- Born: Elise Madeline LeGrow 4 June 1987 (age 39)
- Origin: Canada
- Instrument: Singing
- Label: Big Top Records;
- Website: eliselegrow.com

= Elise LeGrow =

Canadian singer and songwriter (born 1987)

Elise Madeline LeGrow (born June 4, 1987) is a Canadian recording artist and songwriter.

LeGrow was offered a publishing deal from Sony/ATV Music Publishing following a live performance at the 2009 NXNE music festival in Toronto.

Her first release, "No Good Woman," was the most added single on adult contemporary radio in Canada the week of April 7, 2012. The single peaked at number six on the Nielsen BDS Adult Contemporary chart, and remained in the top 10 for 13 weeks.

In 2016, LeGrow signed with Awesome Music in Canada, which brought on S-Curve/BMG as her label in the US. Later in 2016, she recorded a full-length concept album of Chess Records covers titled Playing Chess. The album was produced by Steve Greenberg, Michael Mangini and Betty Wright.
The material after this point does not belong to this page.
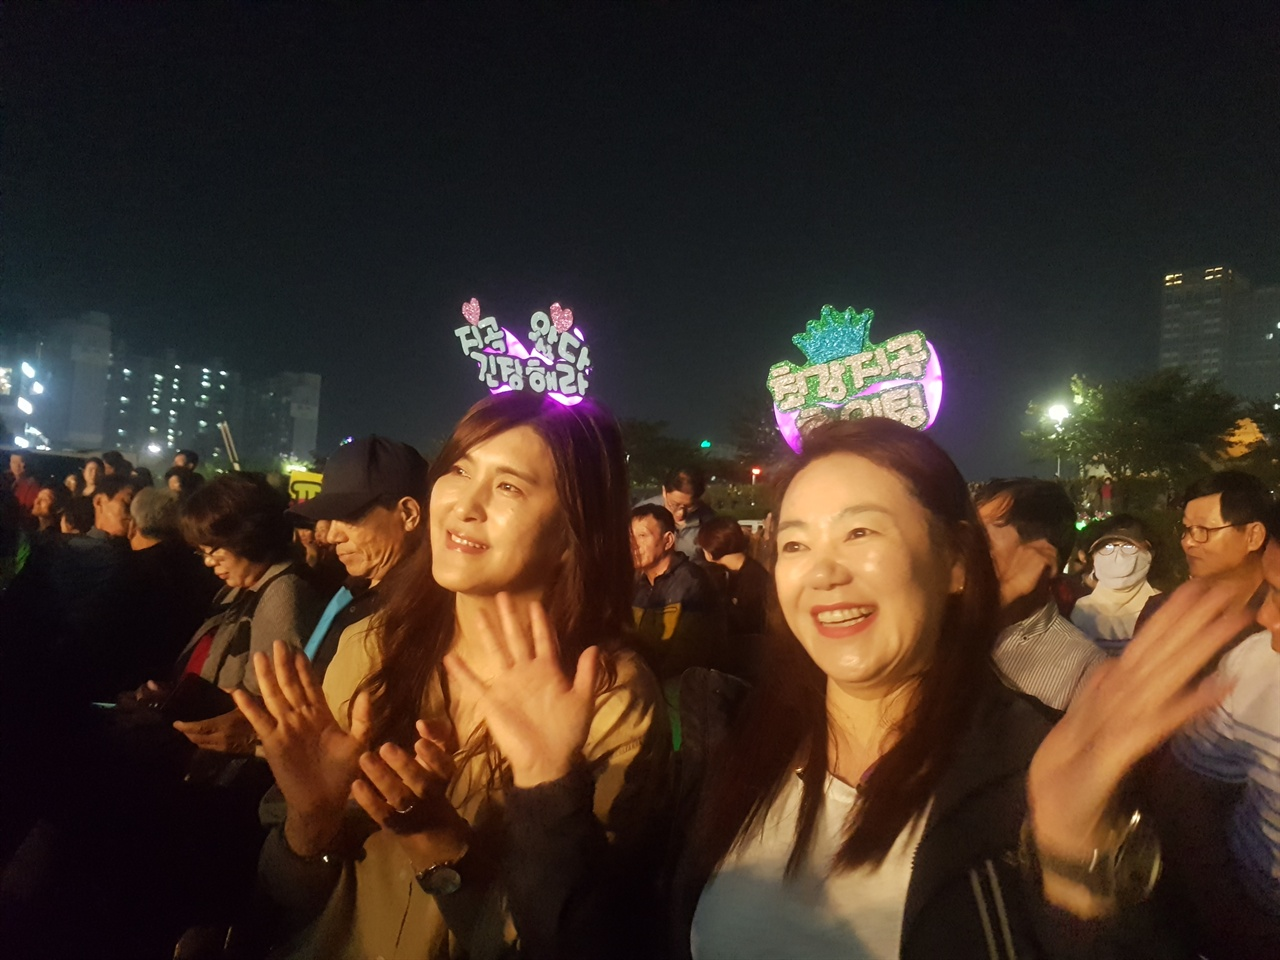 이날 지곡면 주민들은 응원 펼침막 외에 단체로 응원 머리띠를 갖추고 한목소리로 대표선수에게 힘을 실어주었다.

Questlove and Captain Kirk Douglas as well as The Dap Kings made contributions to the record.

LeGrow released "You Never Can Tell," by Chuck Berry as her first single from the record on May 19, 2017. In June 2016, she released "Who Do You Love", debuted at No. 15 on the CBC Radio 2 chart and eventually hit Top 10 on the CBC Radio 2 chart.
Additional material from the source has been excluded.